Speech Insights (BETA)

Enable this model configuration to get useful conversational insights that can measure or help measure many of your KPIs.

This API is in BETA and will be provided on request. Please contact support@marsview.ai to enable this API.

Overview

Perform in-depth analysis of conversational data to visualize trends on topics, sentiments, keywords, and behaviors to achieve better outcomes.

Marsview provides a way to capture the engagement level of speakers in real-time. Additionally, you can track user sentiment and emotions along with engagement data.

Insights

For each conversation/file uploaded it returns the following

Insight

Description

Talk-to-listen Ratio

Speaker’s talk and listen ratio and time

Speech Insights

Insights based on speakers such as- Longest monologue, filler words used, speech clarity, etc.

Call Sentiment Score

Gives an overall assessment of the conversation sentiment based on the sentiments, emotions, and tone used in the conversation

Call Engagement Score

Gives an overall assessment of the conversation engagement based on the talk-time, dead air, and other factors.

Call Score

Scores the call based on different quantitative and qualitative measurements of the conversation. This can be further customized to the business need.

Avg.
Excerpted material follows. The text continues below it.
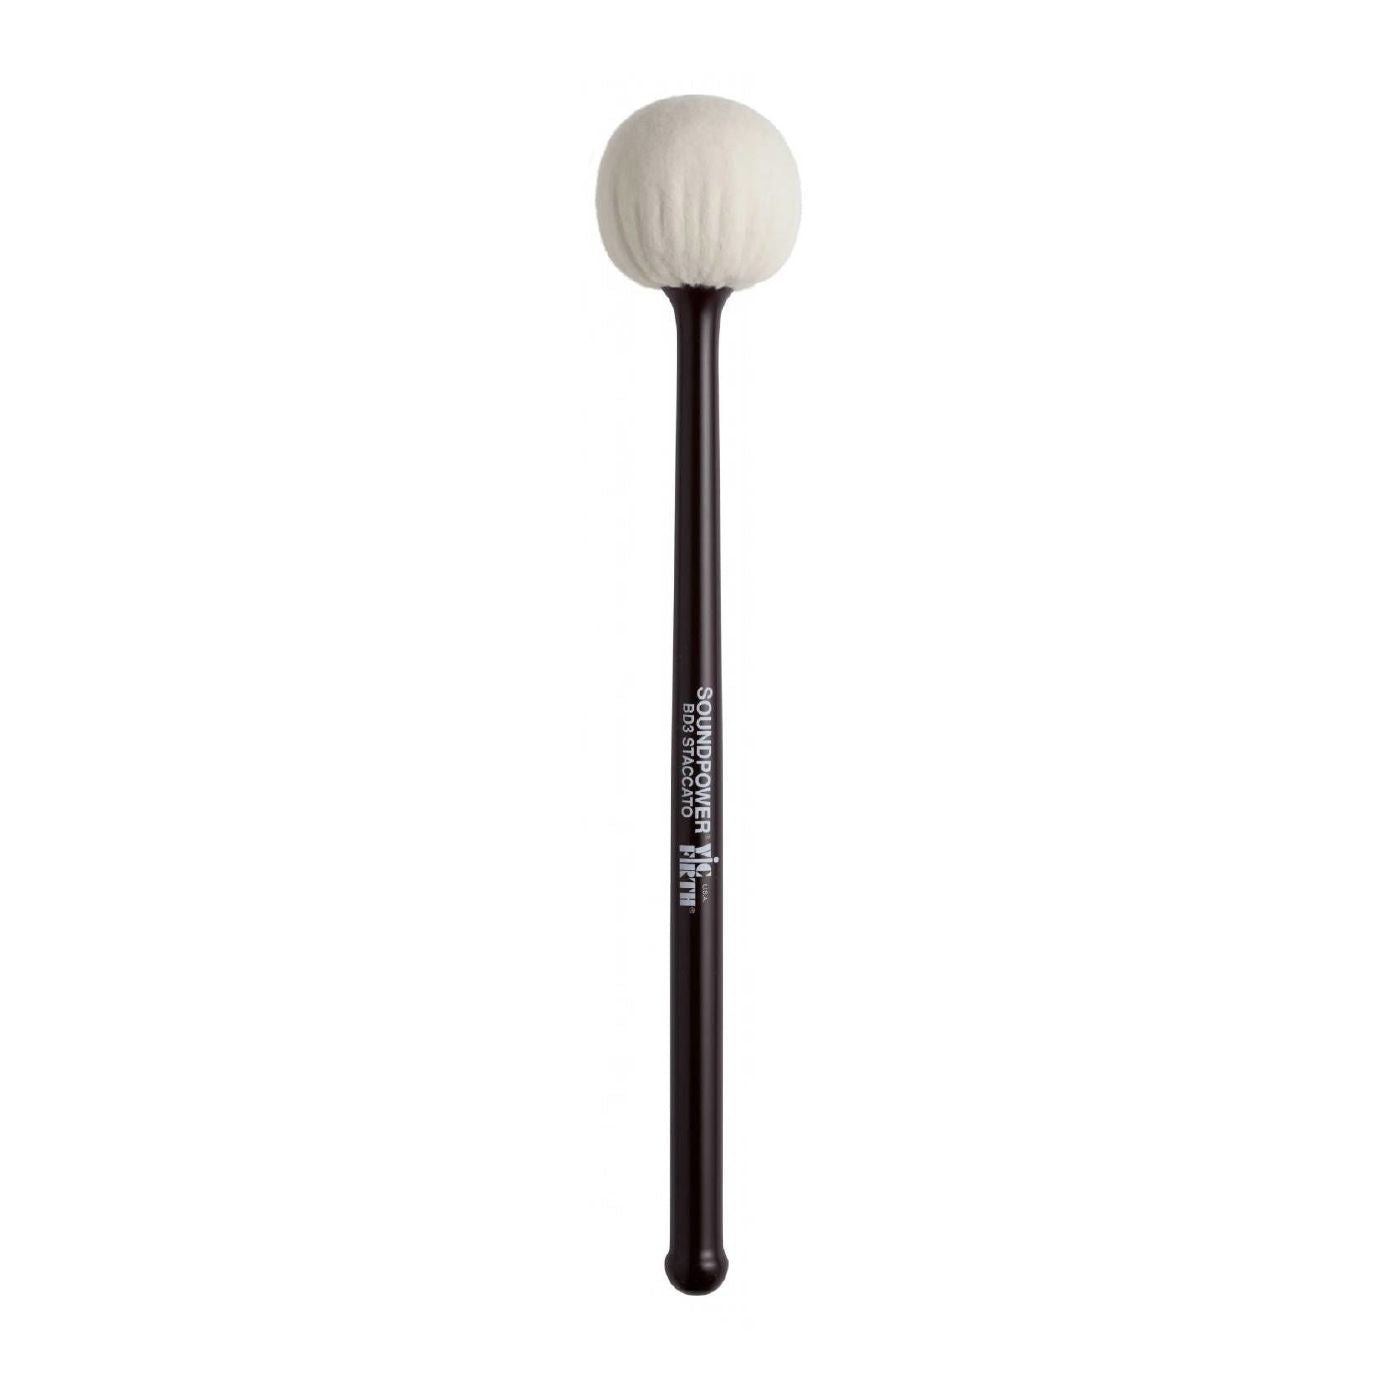 Vic Firth BD3 Soundpower Bass Drums Staccato Percussion Mallet Big Drum Stick for Marching and Concert Performances

Speech Speed

Get speech speed by the speaker in terms of WPM (words per minute)

Sentiment vs Time

Capture variations in sentiment over the course of the call by each speaker individually and combined.

Phrase Cloud (by Topics Type)

Captures salient topics found or spoken in the conversation.

Topic Sentiment over Time

Capture variations in sentiment over the course of the call by each speaker individually and combined along with the corresponding topics mentioned.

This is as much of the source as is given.